Exercise brief: Would you please transcribe the data in full and exactly, excluding images?

Source data:
-=-=-=-=-
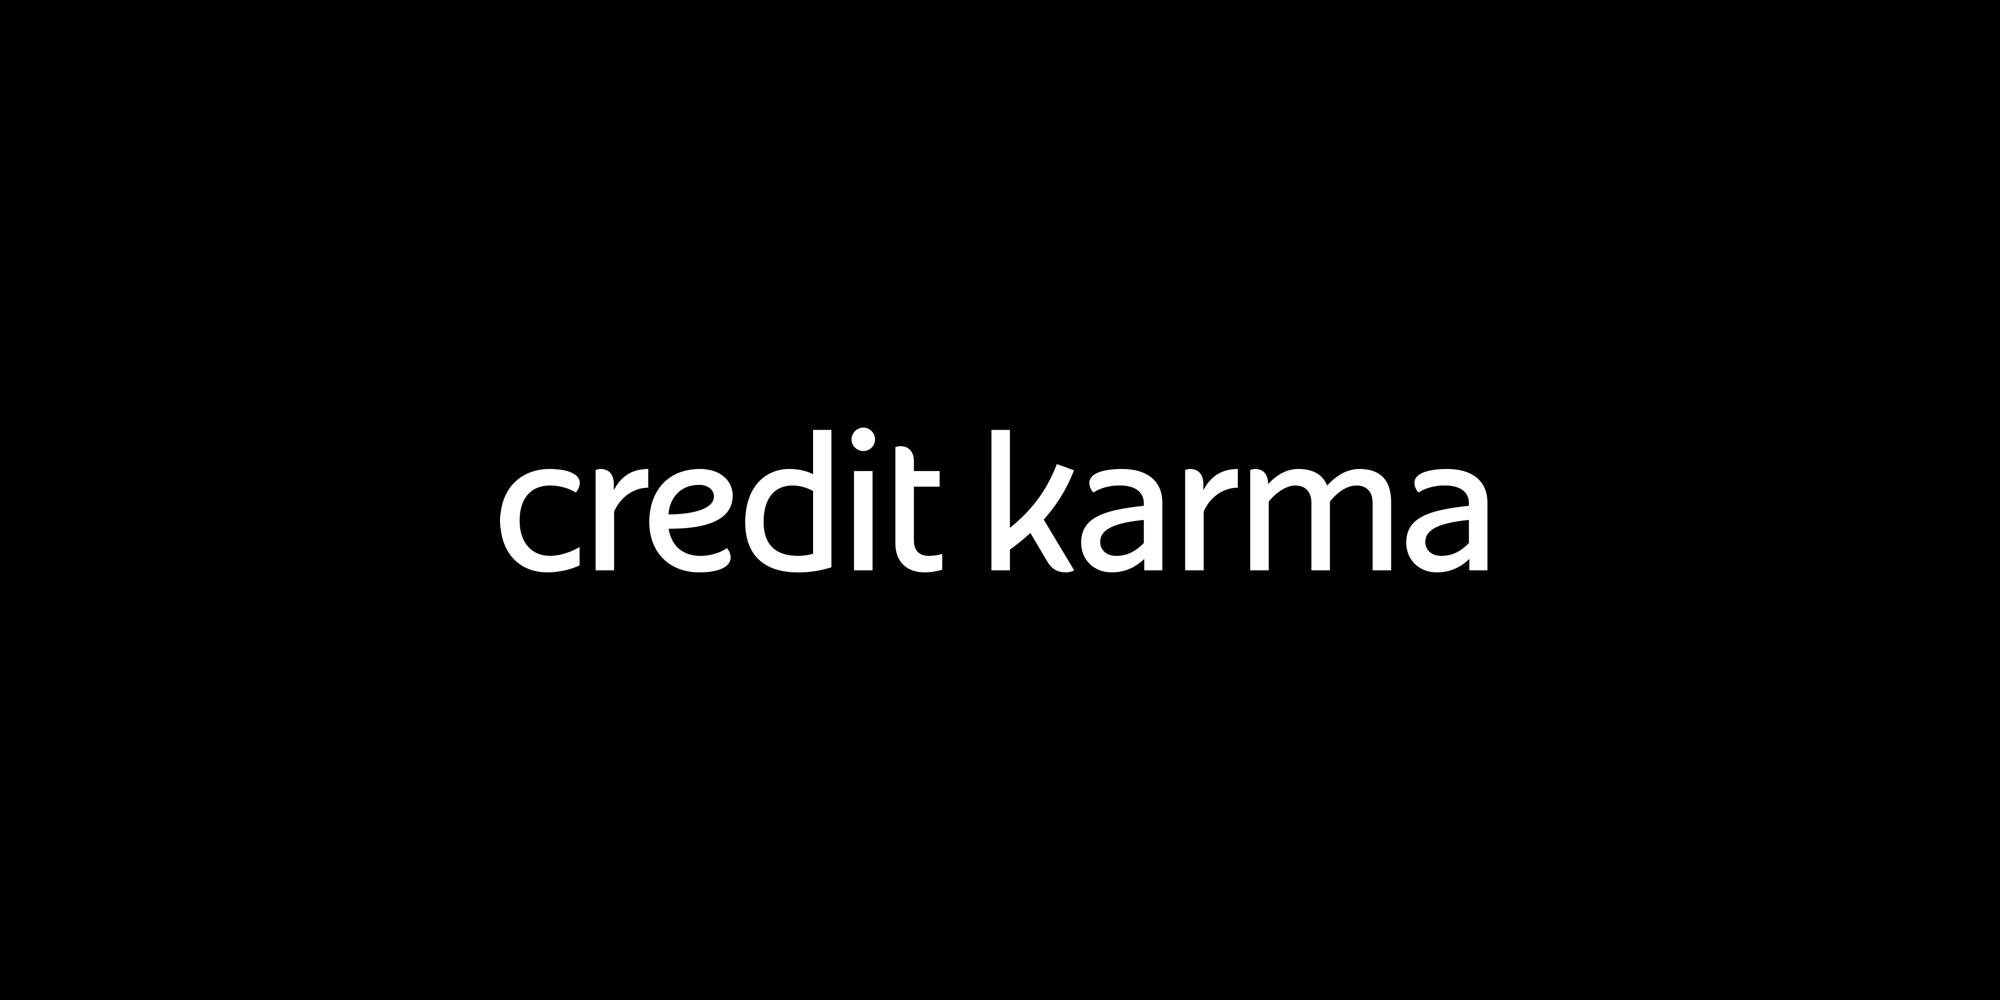 Creditkarma_logo
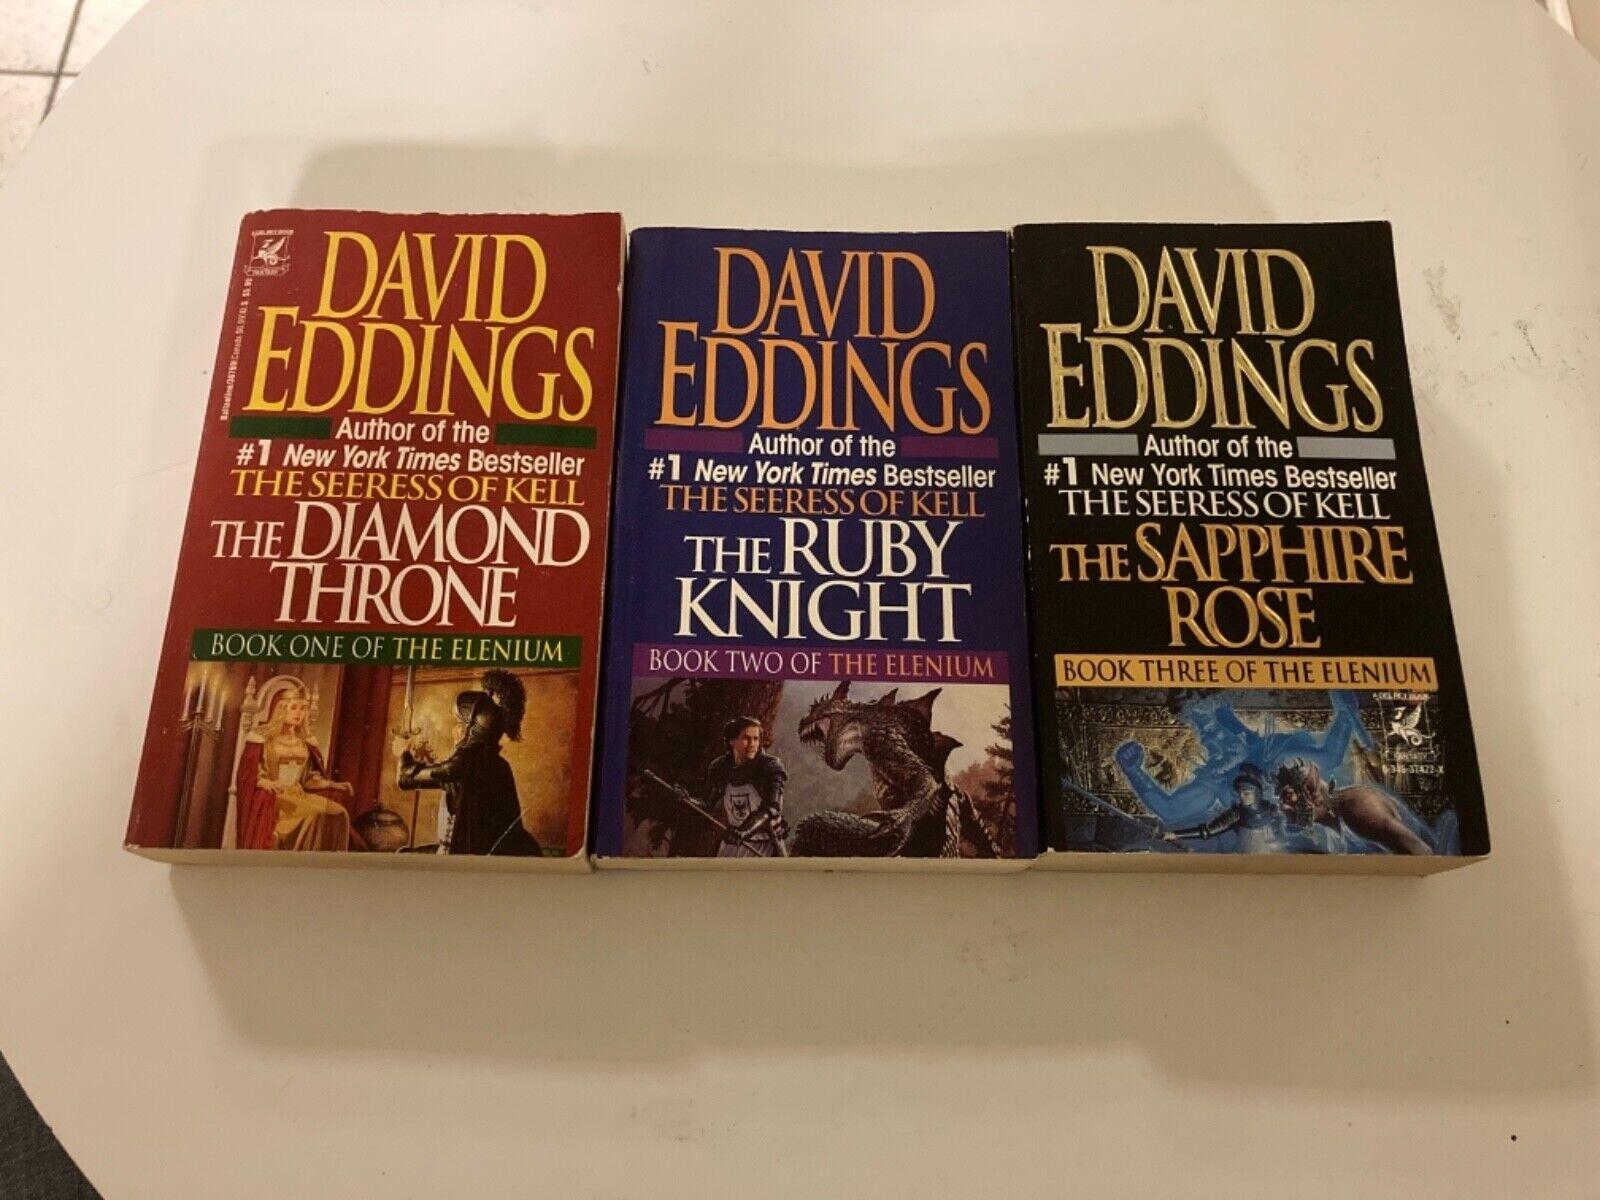 The Elenium Trilogy - Novels By David Eddings - Paperback Set - $11.99
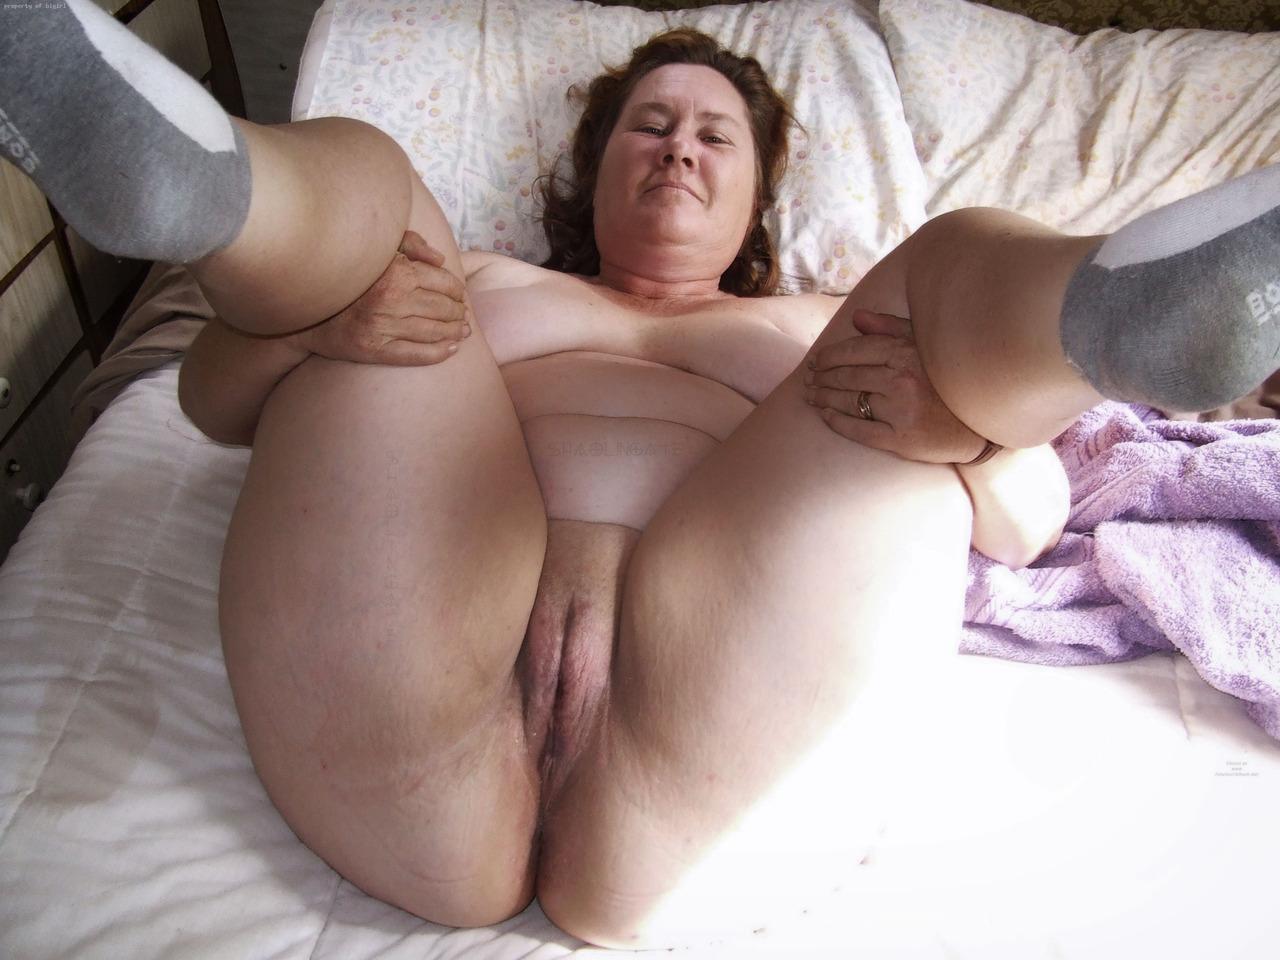 Big women porn on xhamster
-=-=-=-=-
Output for this exercise:
 Creditkarma_logo
 The Elenium Trilogy - Novels By David Eddings - Paperback Set - $11.99
 Big women porn on xhamster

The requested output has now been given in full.